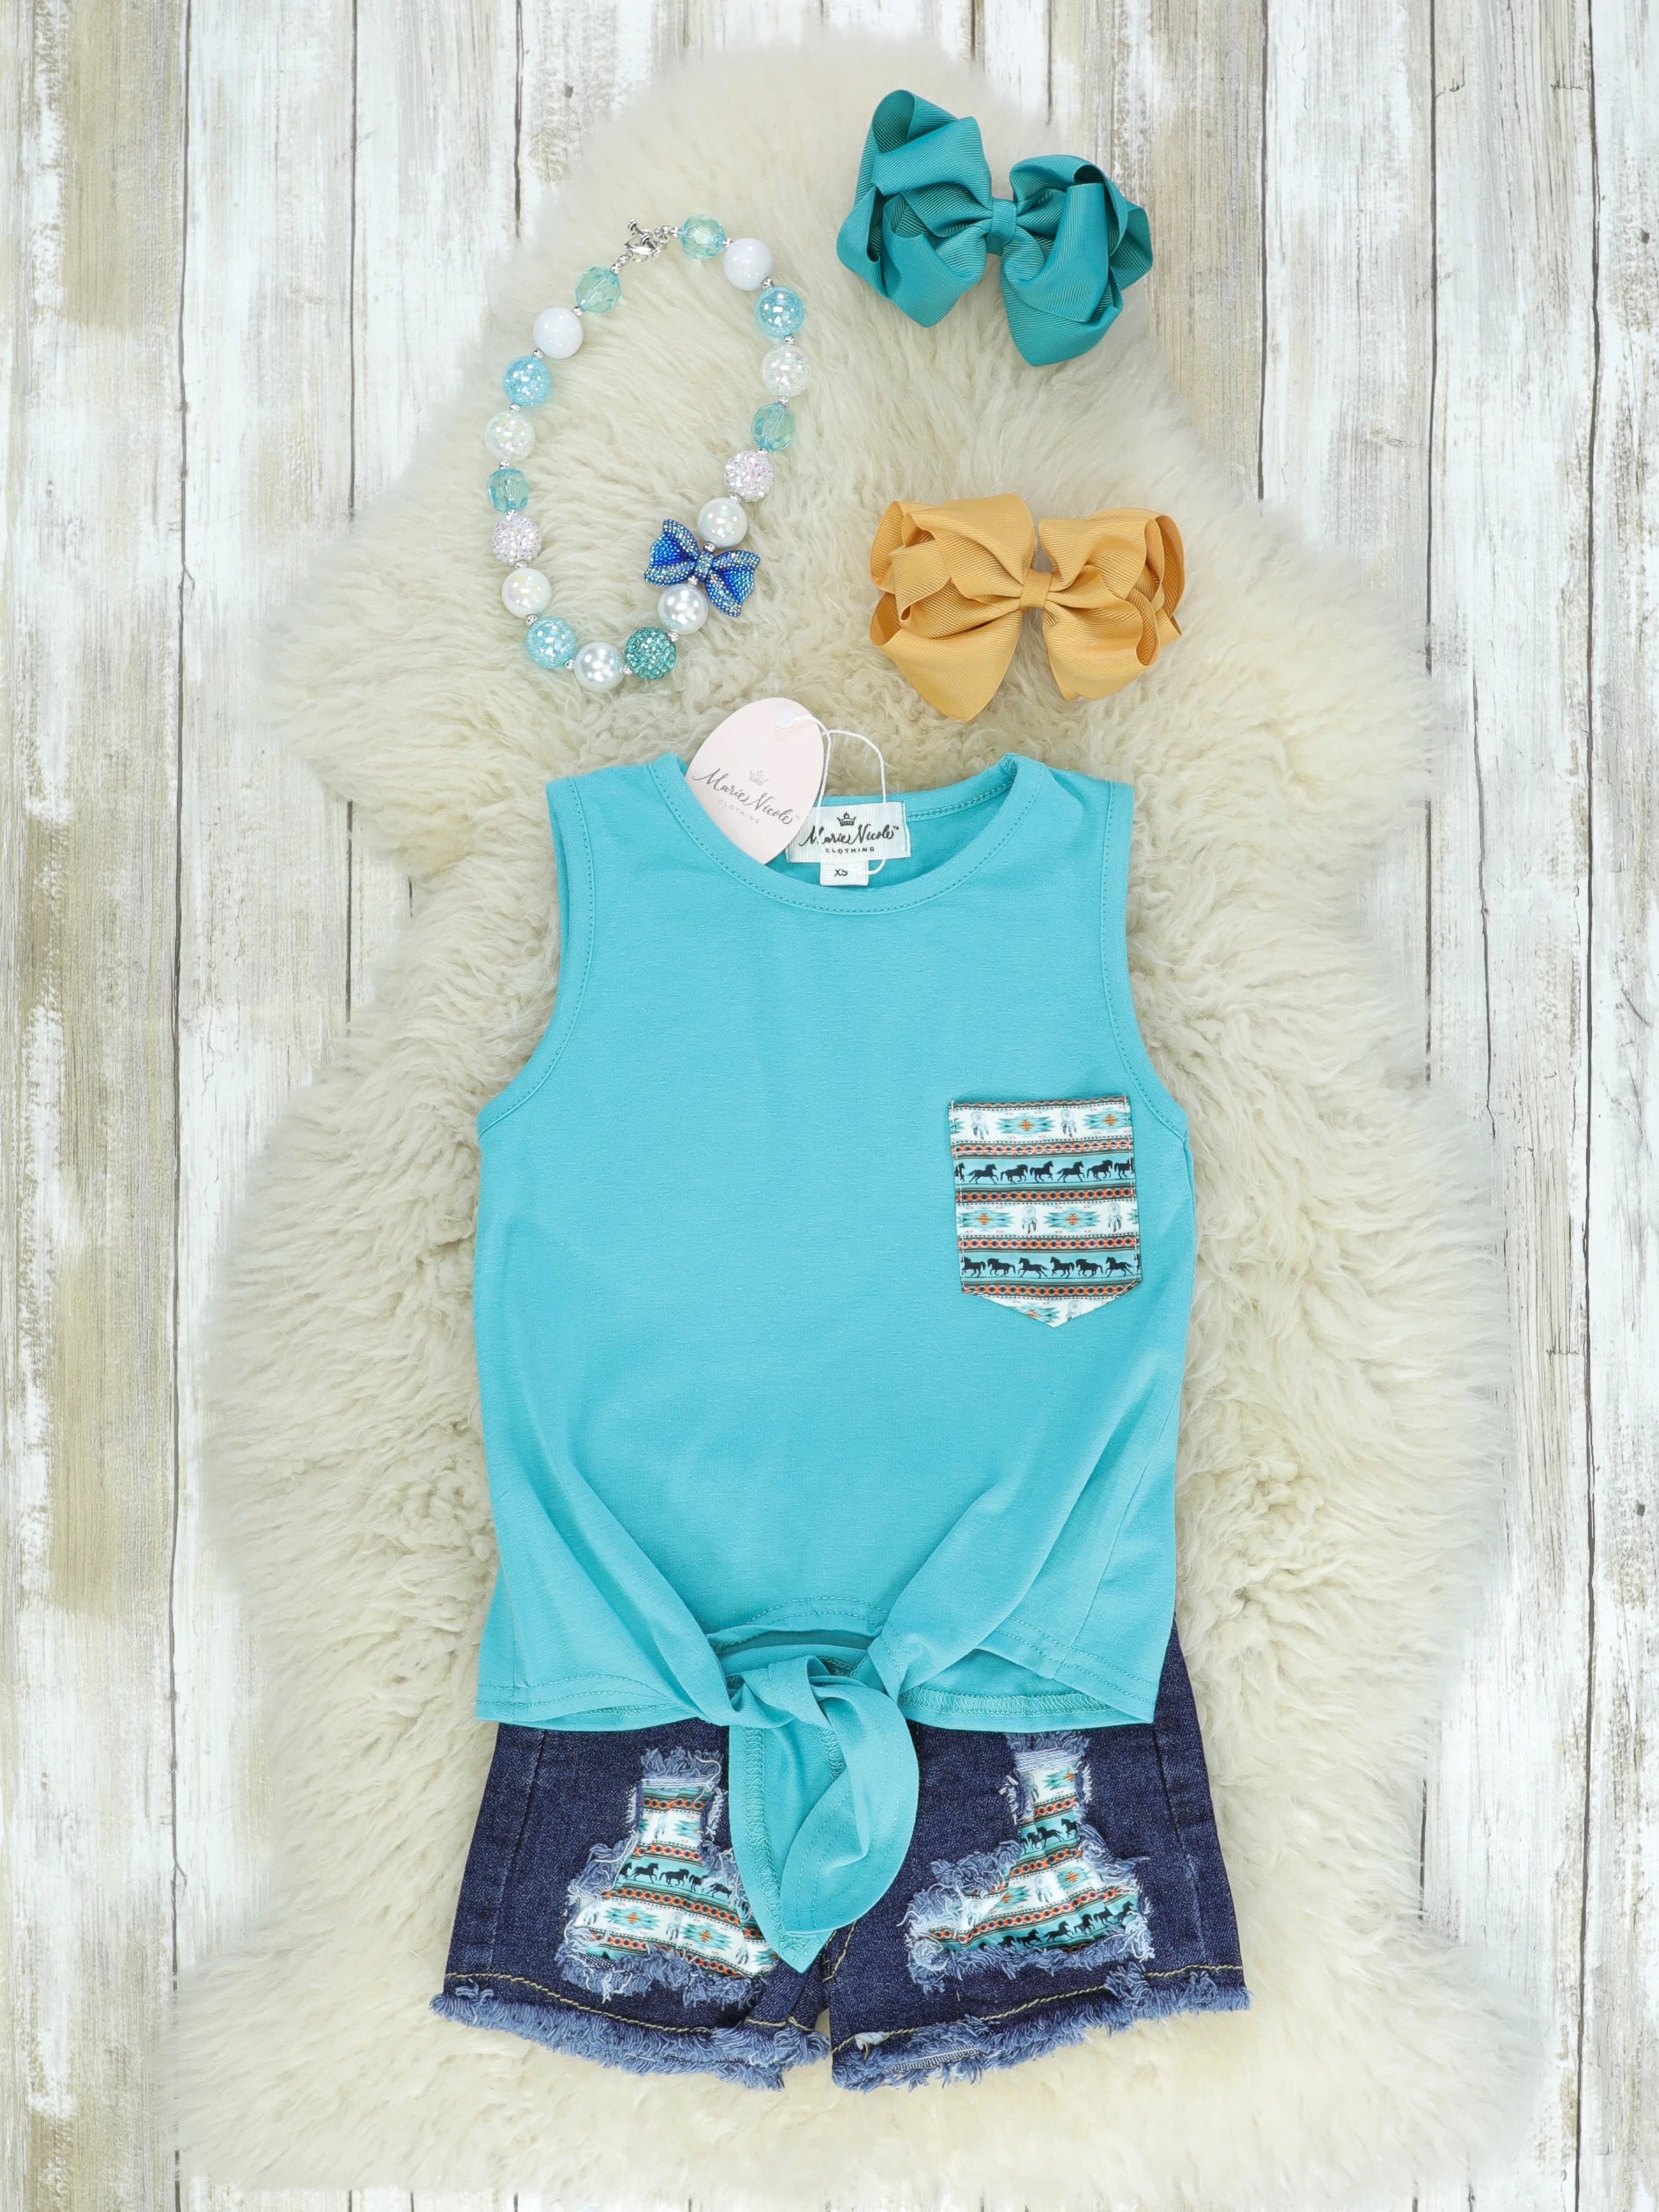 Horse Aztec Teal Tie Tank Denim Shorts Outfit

---

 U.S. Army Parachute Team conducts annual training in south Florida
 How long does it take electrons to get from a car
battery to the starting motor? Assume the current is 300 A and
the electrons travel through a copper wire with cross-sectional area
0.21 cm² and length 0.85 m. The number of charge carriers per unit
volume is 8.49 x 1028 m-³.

* [EXERCISE DIRECTIONS] Those lines above that contain the string "electrons" should be returned.

* [RESULT FOR THIS TASK]
 How long does it take electrons to get from a car
the electrons travel through a copper wire with cross-sectional area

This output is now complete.